BEST DOCUMENTARY OSCAR WAS ALSO POLITICALLY CORRECT
Nobody paid much attention to the best feature-length documentary award for "Murder on a Sunday Morning". The American film, by the French directors Jean-Xavier de Lestrade and Denis Poncet, was produced for HBO and it has been announced to be shown on TV this Sunday at 10h30 PM on the pay-TV network in the United States. For this Oscar also lent itself to promoting a correction in the ways of the Hollywood Academy, a kind of mea culpa in its historical revision, facing racial matters and the black people`s part in the political and artistic formation of the country.
It was certainly a political award turned to the America social intern matter after the tragedies started by the September 11 2001 attacks. So much that it deferred the favorite for best documentary, with a theme that is sympathetic to the members of the Academy, the Jewish question, "Promises", by Justine Shapiro, B.Z. Goldberg and Carlos Bolado.
The rich beach resort Jacksonville, in Florida, is focused by the racism in the police system denounce documentary. Jean-Xavier de Lestrade cited Martin Luther King Jr.`s speech about an America where children will not be judged by the color of their skin but by the content of their character. Lestrade concluded his thought by saying "Thirty-eight years later we film the story about a teenager who had been stopped, arrested and sent to jail because he was just a black kid walking in the street near a crime scene."
This documentary opens a serious debate about the existing prejudices in the conduction of investigations of crimes with suspicions that always fall first on black people and members of poorer ethnical communities. The documentary follows two Duval County public defenders as they prepare their defense of 16-year-old black high school student Brenton Butler, arrested after being identified as the murderer of Mary Ann Stephens, a 65-year-old tourist from Georgia, who was shot in the face before her husband`s eyes on May 7, 2000 outside a motel room in Jacksonville, where the couple was spending holidays.

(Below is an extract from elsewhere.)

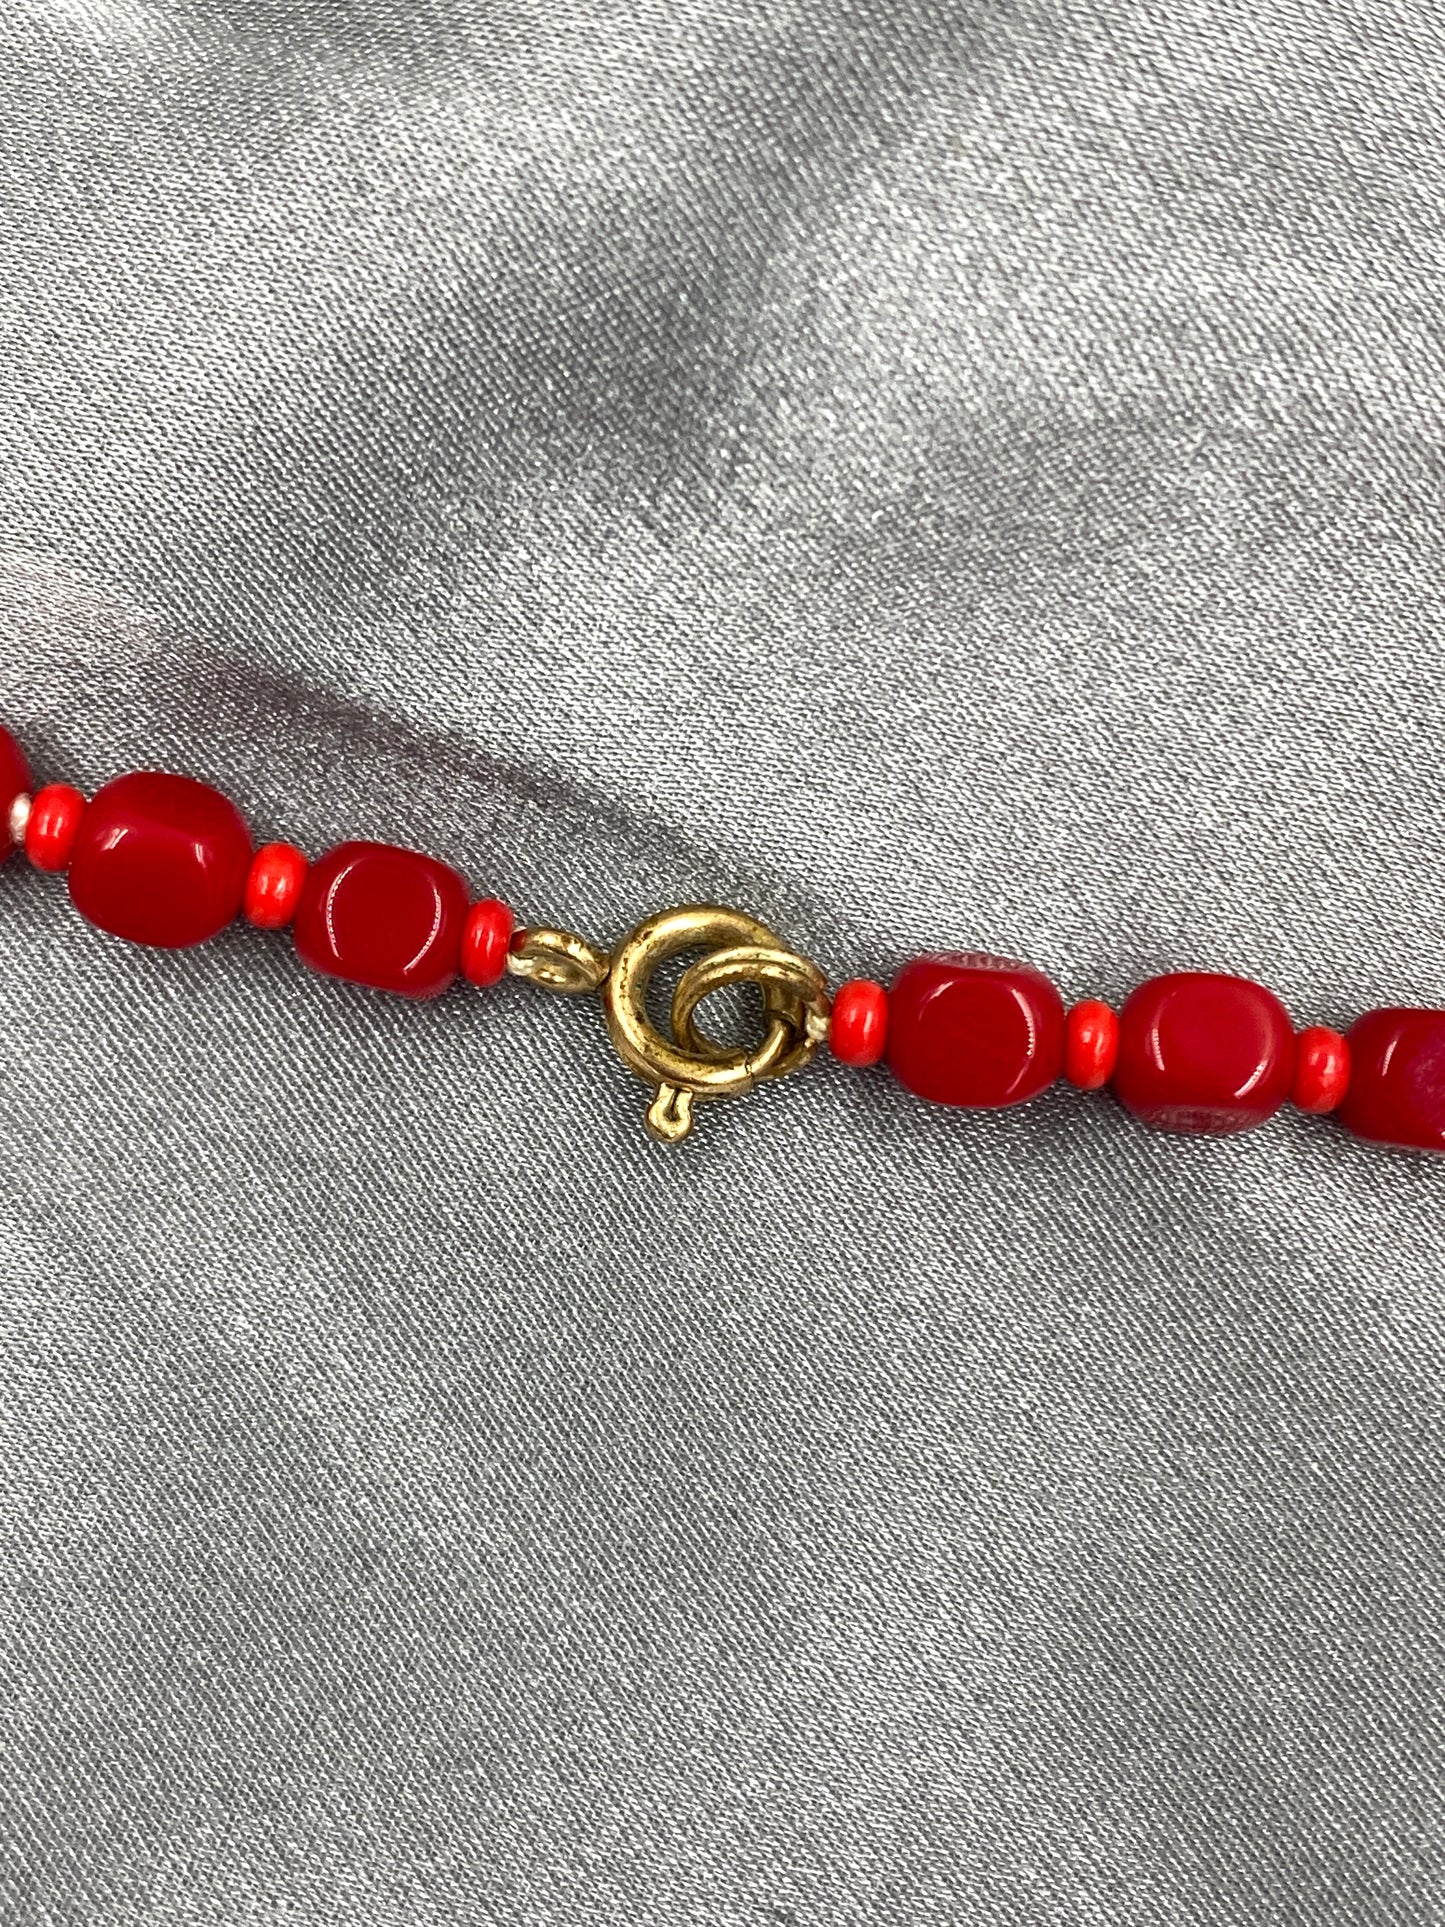 Vintage 1930s Red Glass Bead Necklace

Examining the Butler case from trial preparations to the dramatic verdict to the surprising aftermath a year later, "Murder on a Sunday Morning" shows how racial bias and careless police investigation can turn an innocent person into the prime suspect in a brutal murder. Promotional material of the film on the HBO page in the internet is rather radical in its judging about the case and ask to see "how the wheels of justice turn in America, as well as how incompetent police work can corrupt the legal system."
And one article on the Jacksonville newspaper yesterday reminds us that the boy confessed to police, but the confession was beaten out of him, and two sheriffs in town took the extraordinary step of apologizing to Butler and his family, and arrested two other men for the slaying. Jacksonville`s paper clarifies that it wasn`t by chance that the also black actor Samuel L. Jackson was invited to announce the winner of the best documentary award. He was recently in Jacksonville with John Travolta for the shootings of "Basic", when he got acquainted with the dramatic trail case of the innocent boy.